#### What the task asks:
From the listing below, output the lines between the one with "Flowget About It" and the one with "Perceeloppervlakte Pieter Kuhnweg 16 Almere", including those two, and nothing else. Pictures are not copied.

#### Records to process:
┌────────
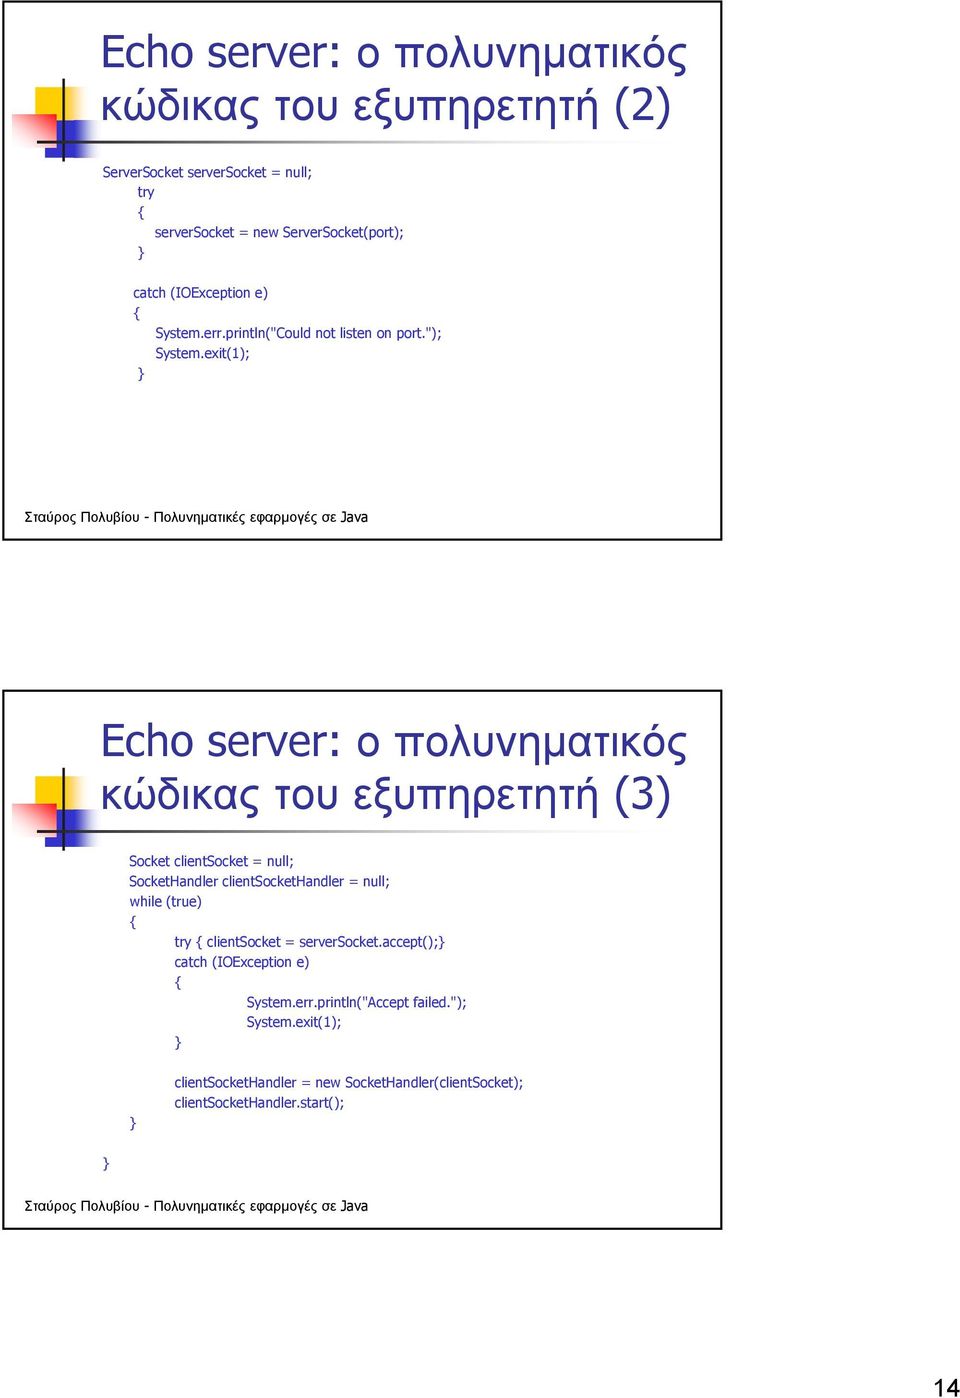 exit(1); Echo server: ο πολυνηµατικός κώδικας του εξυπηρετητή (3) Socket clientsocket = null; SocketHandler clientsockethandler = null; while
└────────
┌────────
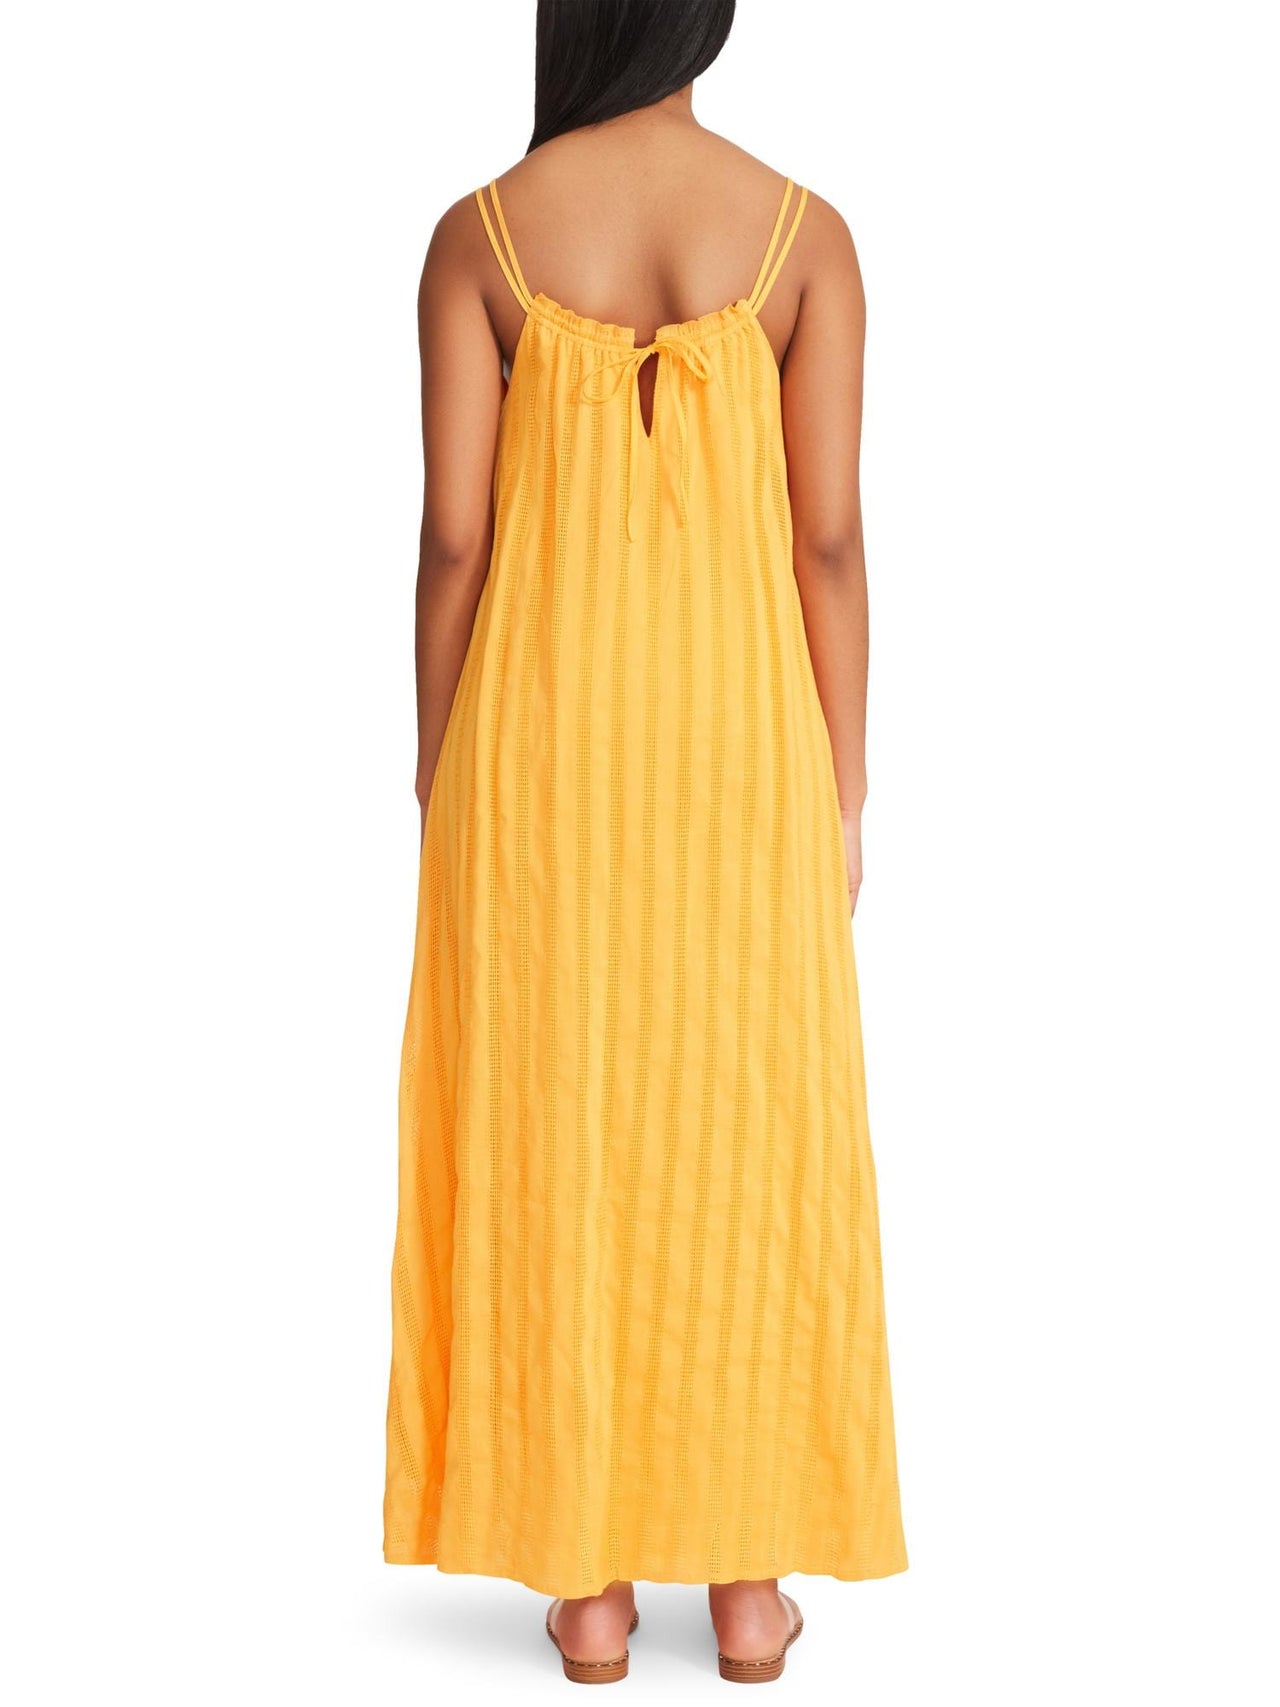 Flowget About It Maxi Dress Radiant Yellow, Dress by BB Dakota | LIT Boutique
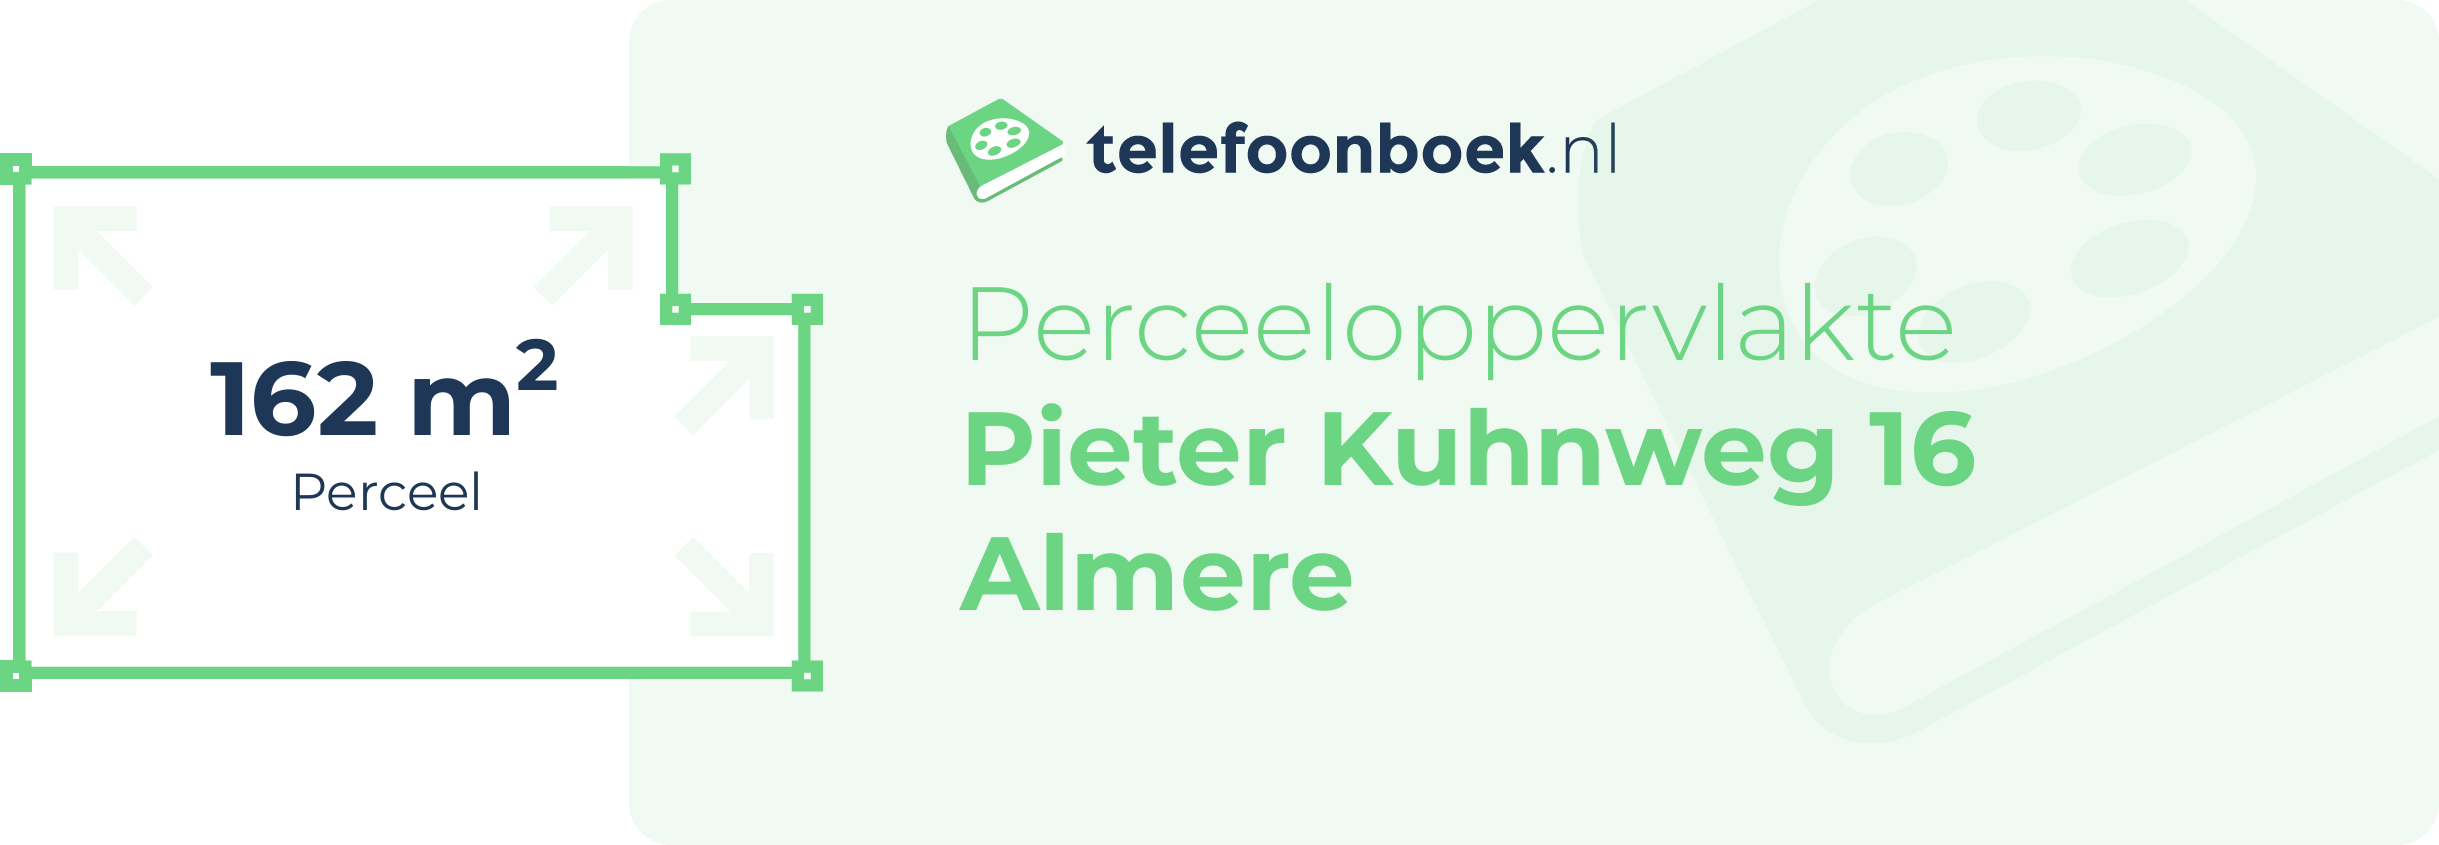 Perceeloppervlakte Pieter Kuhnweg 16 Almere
└────────
┌────────
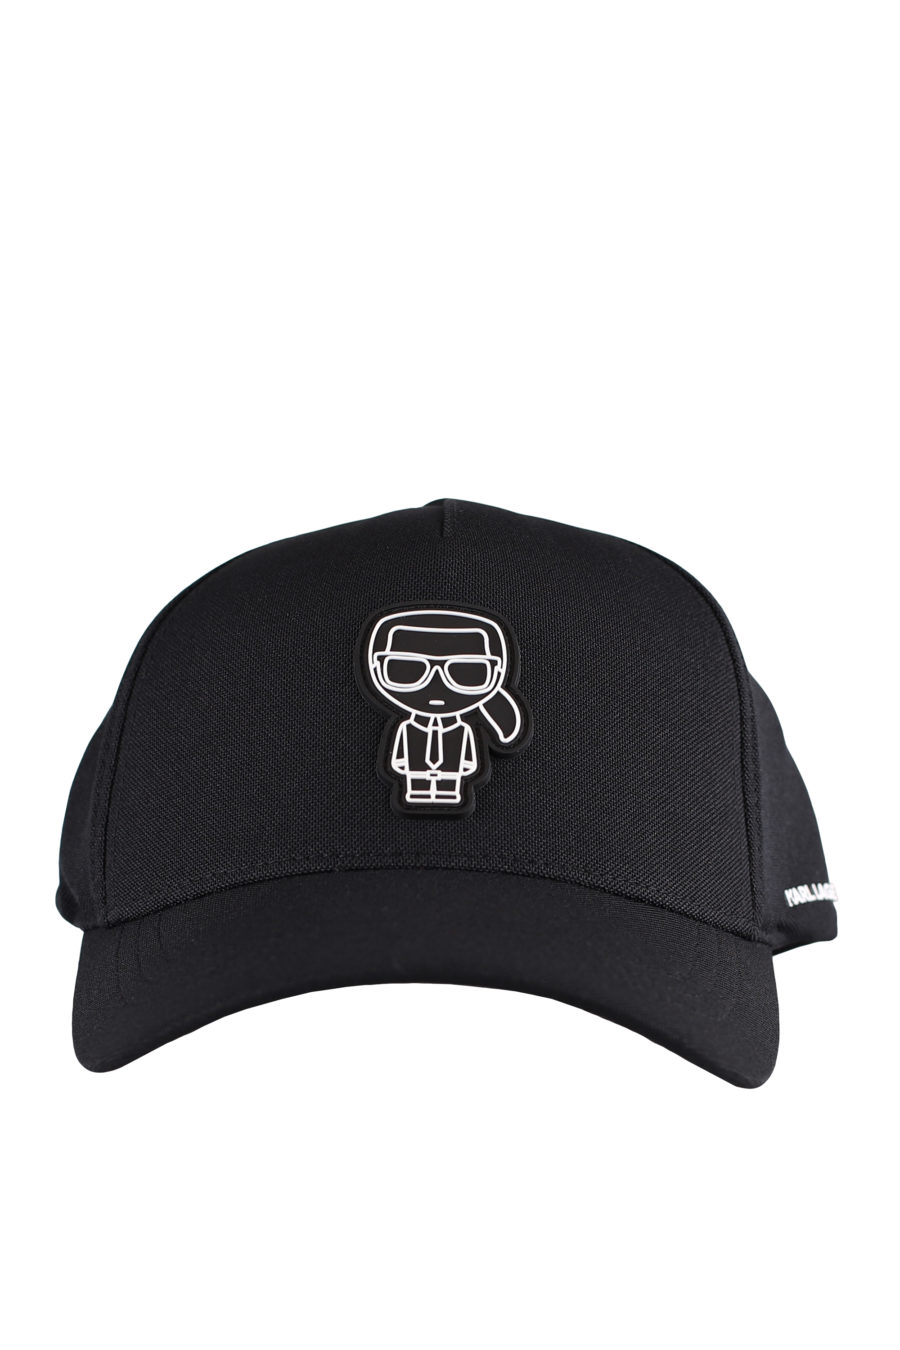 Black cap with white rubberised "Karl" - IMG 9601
└────────
#### Response:
 Flowget About It Maxi Dress Radiant Yellow, Dress by BB Dakota | LIT Boutique
 Perceeloppervlakte Pieter Kuhnweg 16 Almere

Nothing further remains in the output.